A very, very brief LVQ tutorial
Since the LVQ approach isn't really covered by the book, this is a
very brief and informal tutorial on how the method can be
implemented. Note, that there are several variations of LVQ around,
and this is just one very simple version. So if you've found something
that behaves a bit differently, don't worry. :)
A basic Learning Vector Quantization (LVQ) approach may be defined
as:
- Take m_i prototype vectors (also often called codebook
vectors). There may be one or more prototype vectors per
class, usually more than one is used.
- Let c = arg min(||x - m_i||) define the nearest m_i to an
input vector x, denoted by m_c. When classifying, x is usually
taken to belong to the class of it's nearest prototype
vector, but m_c is also used in the learning phase.

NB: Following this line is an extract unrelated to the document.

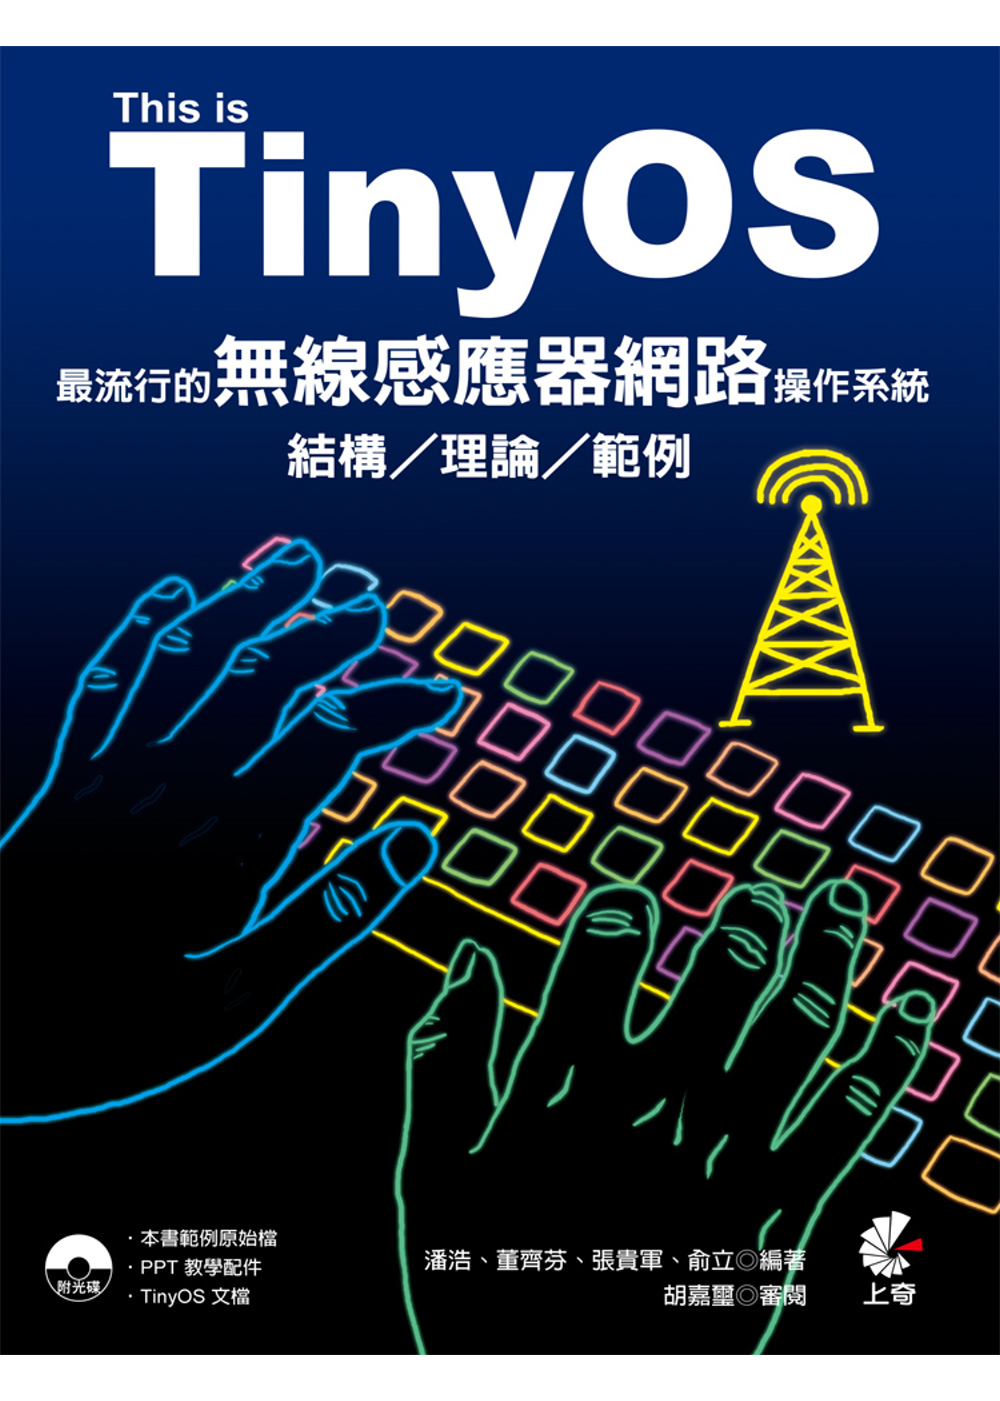 This is TinyOS！最流行的無線感應器網路操作系統...

- Now the learning proceeds (with modifying only the
nearest prototype m_c(t) for the input x(t) each step t) as in
m_c(t + 1) = m_c(t) + alpha(t)[x(t) - m_c(t)],
if x and m_c belong to the same class
m_c(t + 1) = m_c(t) - alpha(t)[x(t) - m_c(t)],
if x and m_c belong to different classes.
- 0 < alpha(t) < 1 is the learning coefficient. It may be
constant or decrease monotonically with time. For example in
the lvq_pak LVQ1, an alpha initially smaller than 0.1 and
decreasing linearly with time is used.
- The iteration is generally stopped either after a
predefined number of steps, when alpha(t) reaches its minumum
value or when a desired training set error rate is reached.